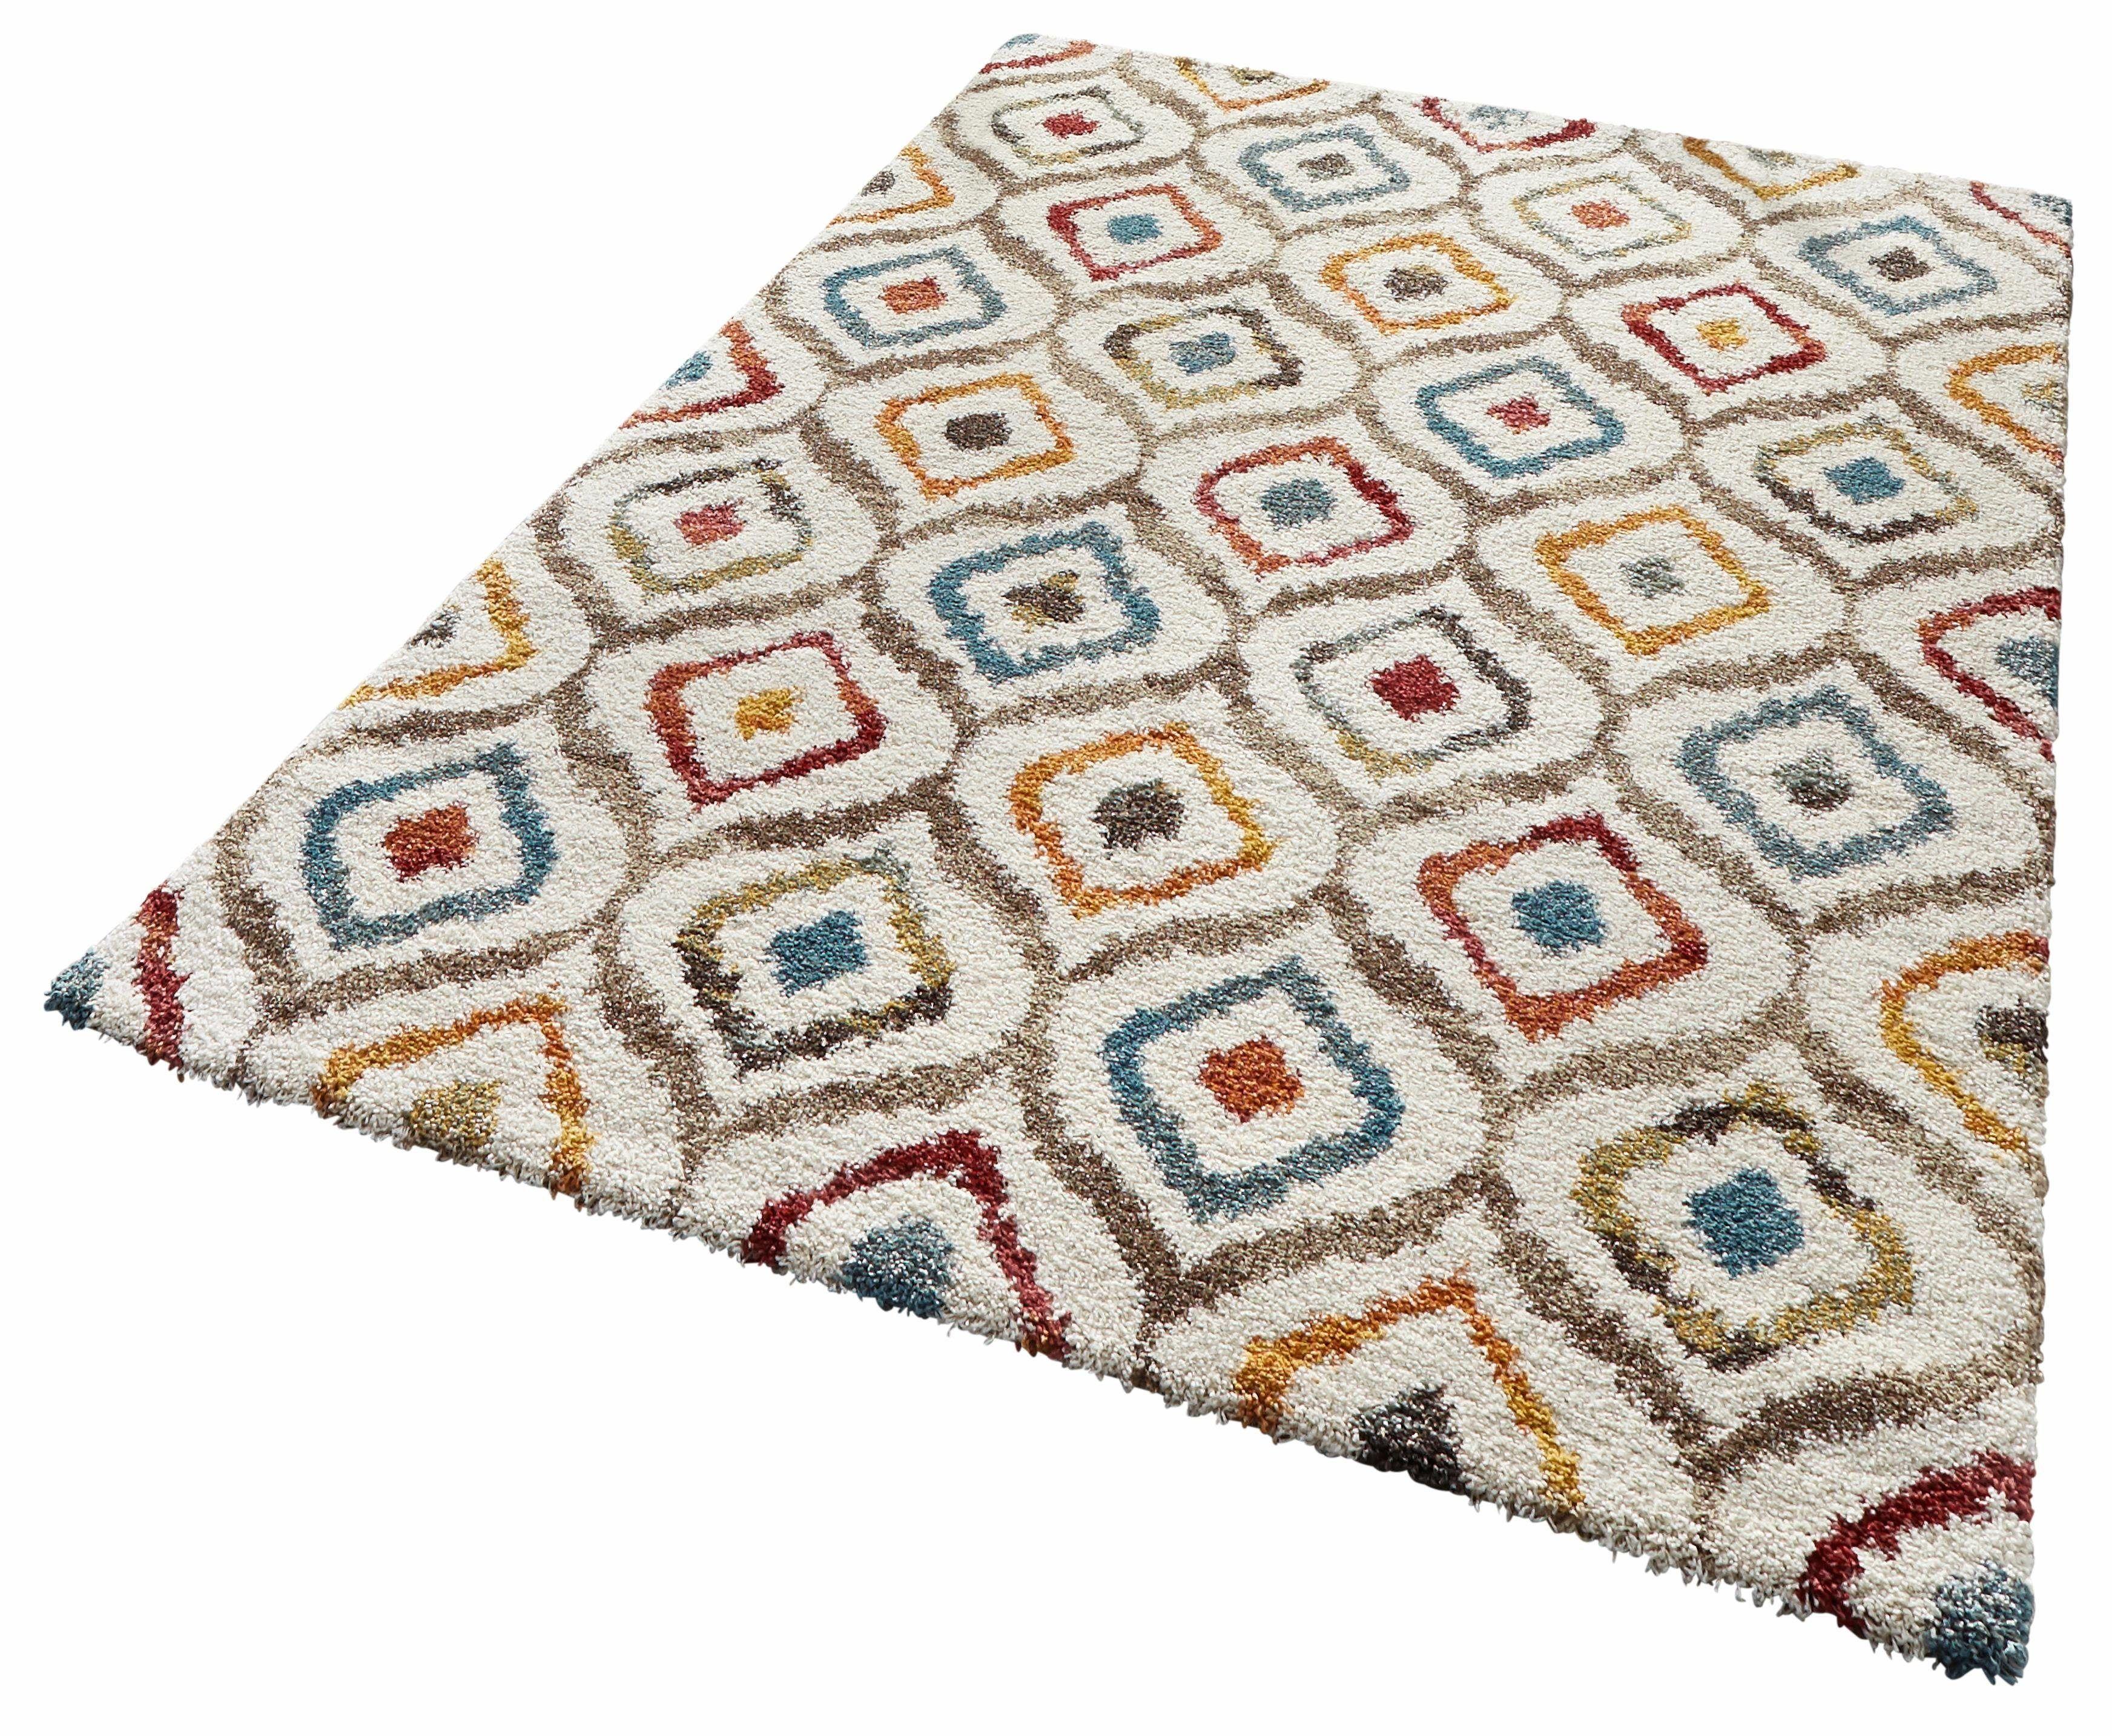 Hochflor Teppich Beige B L 200x290cm 25mm New Age Fußbodenheizungsgeeignet Strapazierfähig Mint Rugs Jetzt Bestelle Teppich Lila Teppich Teppich Beige
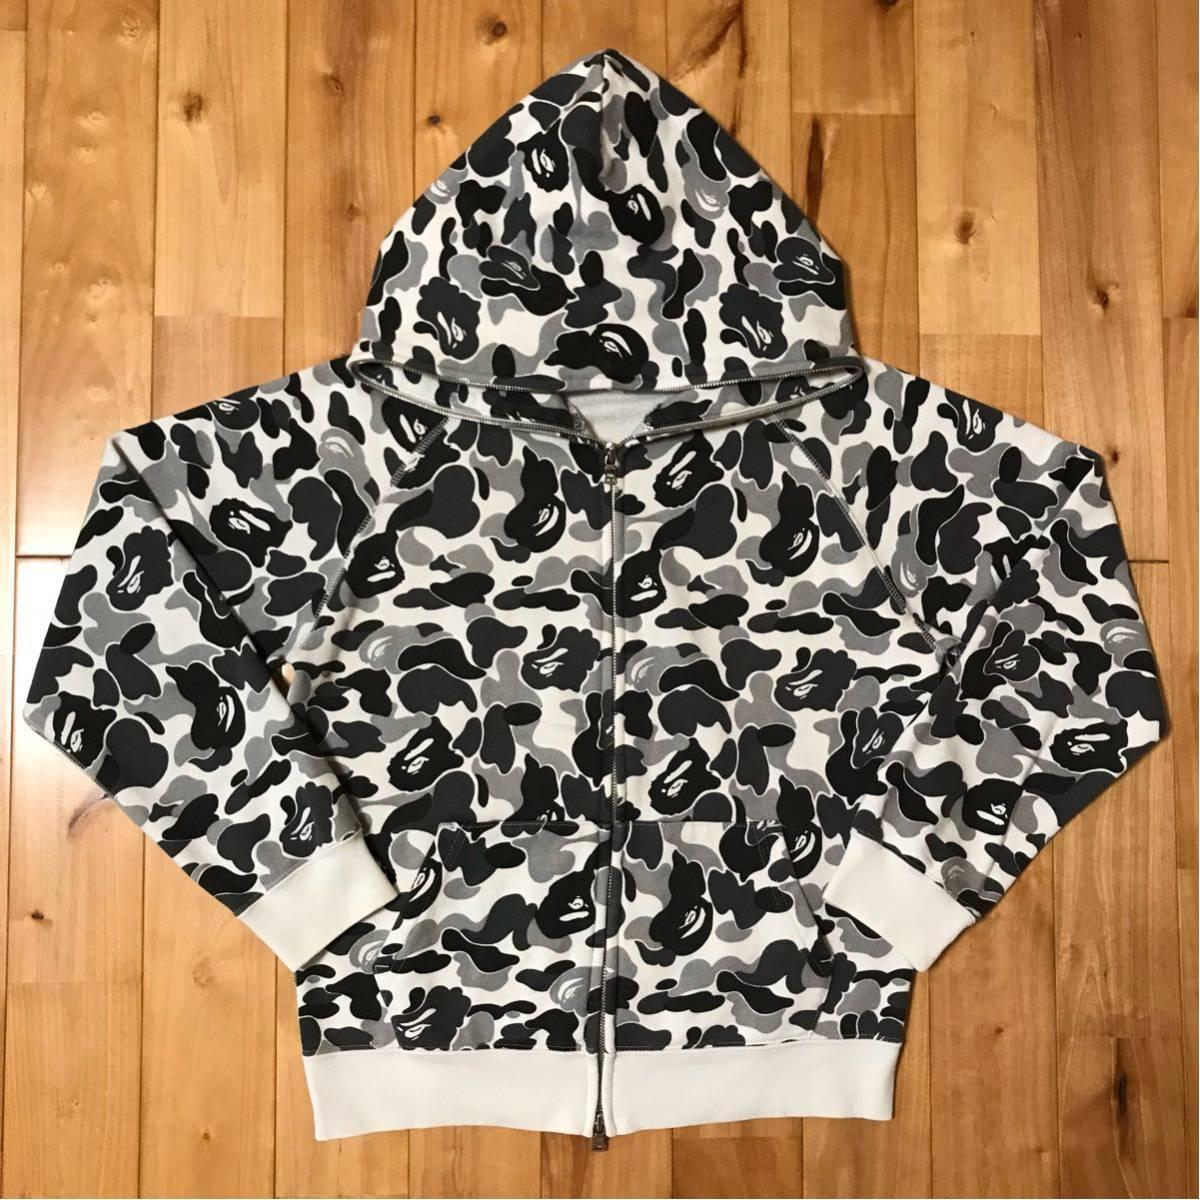 ★原宿限定★ APEE パーカー レディース S a bathing ape bape store limited camo hoodie エイプ ベイプ harajuku color 都市限定 nigo
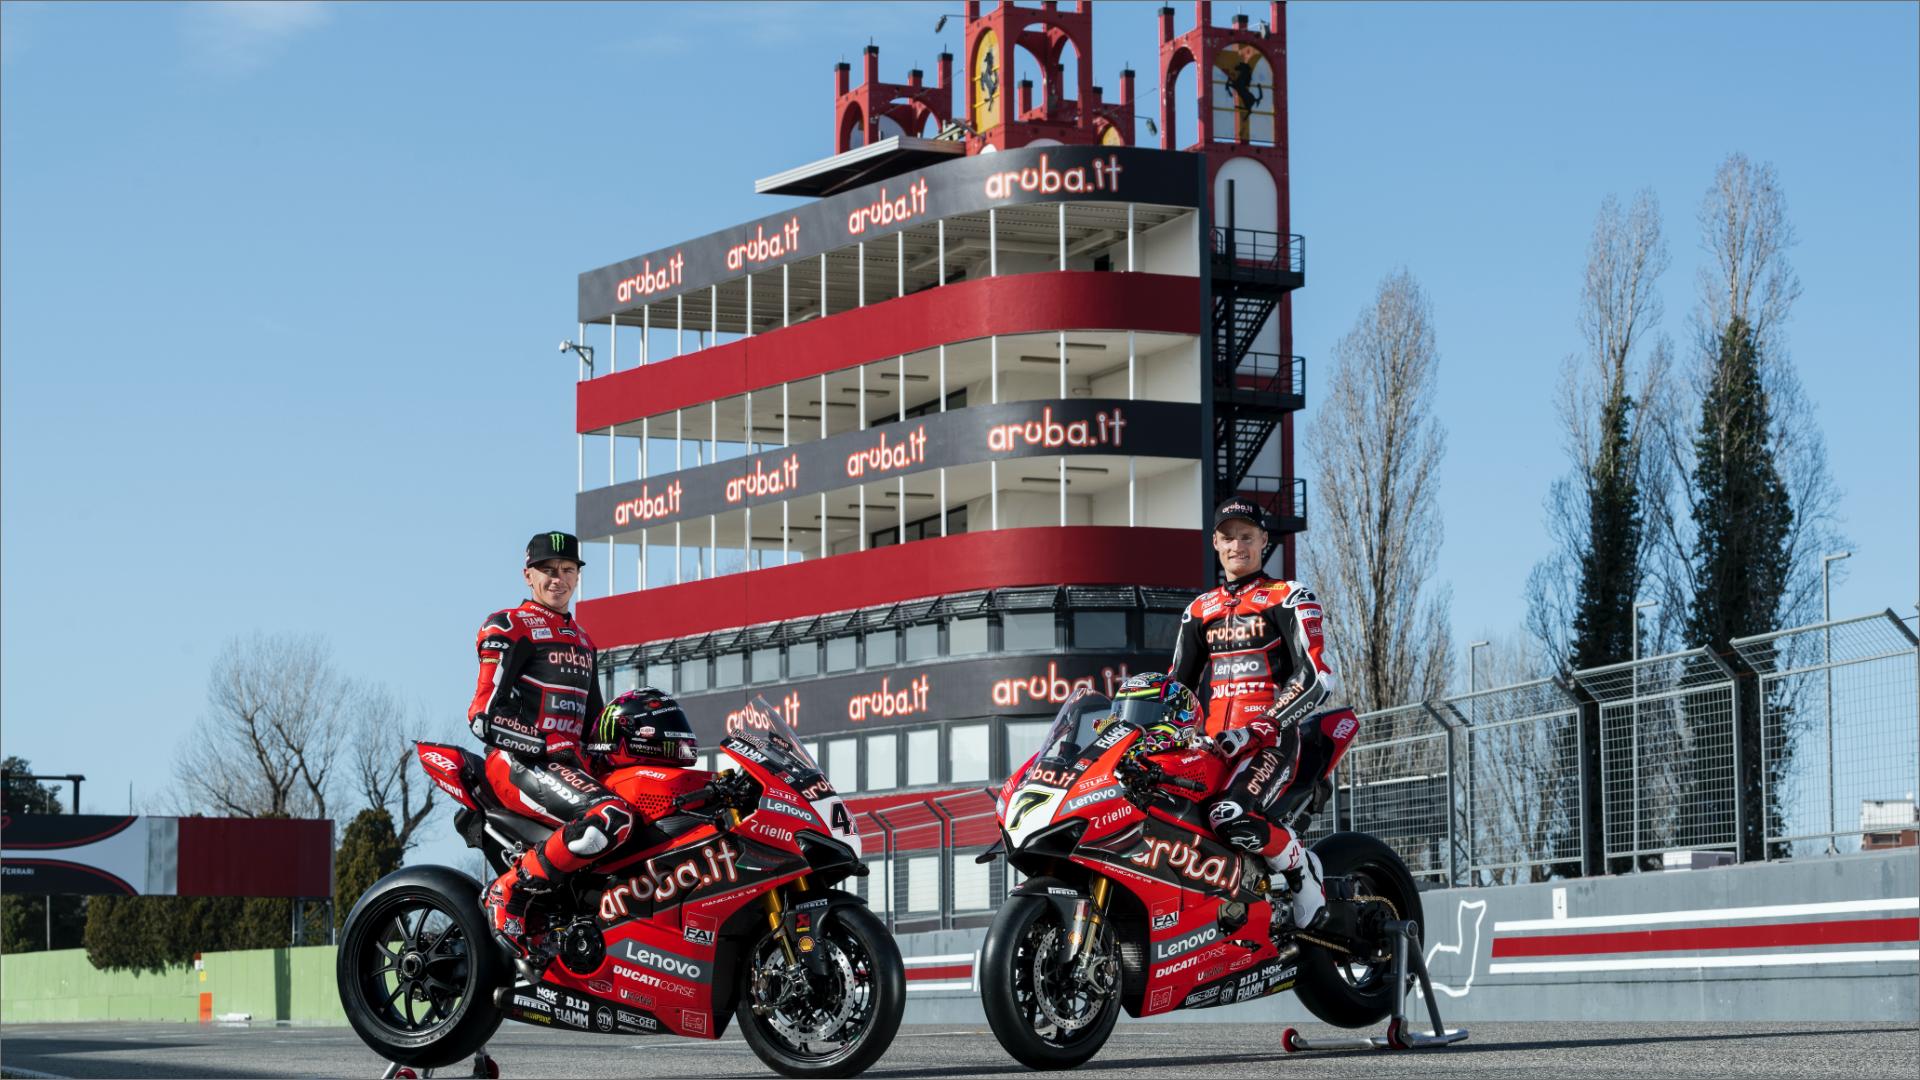 Superbike 2020: all'Autodromo Enzo e Dino Ferrari di Imola viene svelata la Ducati Panigale V4 R del Team Aruba.

* * * * * * *

* **EXERCISE REQUIREMENTS**:
Only the pictures are to be left out; print everything else in the listing exactly.

* **ANSWER BELOW**:
 Hochflor Teppich Beige B L 200x290cm 25mm New Age Fußbodenheizungsgeeignet Strapazierfähig Mint Rugs Jetzt Bestelle Teppich Lila Teppich Teppich Beige
 ★原宿限定★ APEE パーカー レディース S a bathing ape bape store limited camo hoodie エイプ ベイプ harajuku color 都市限定 nigo
 Superbike 2020: all'Autodromo Enzo e Dino Ferrari di Imola viene svelata la Ducati Panigale V4 R del Team Aruba.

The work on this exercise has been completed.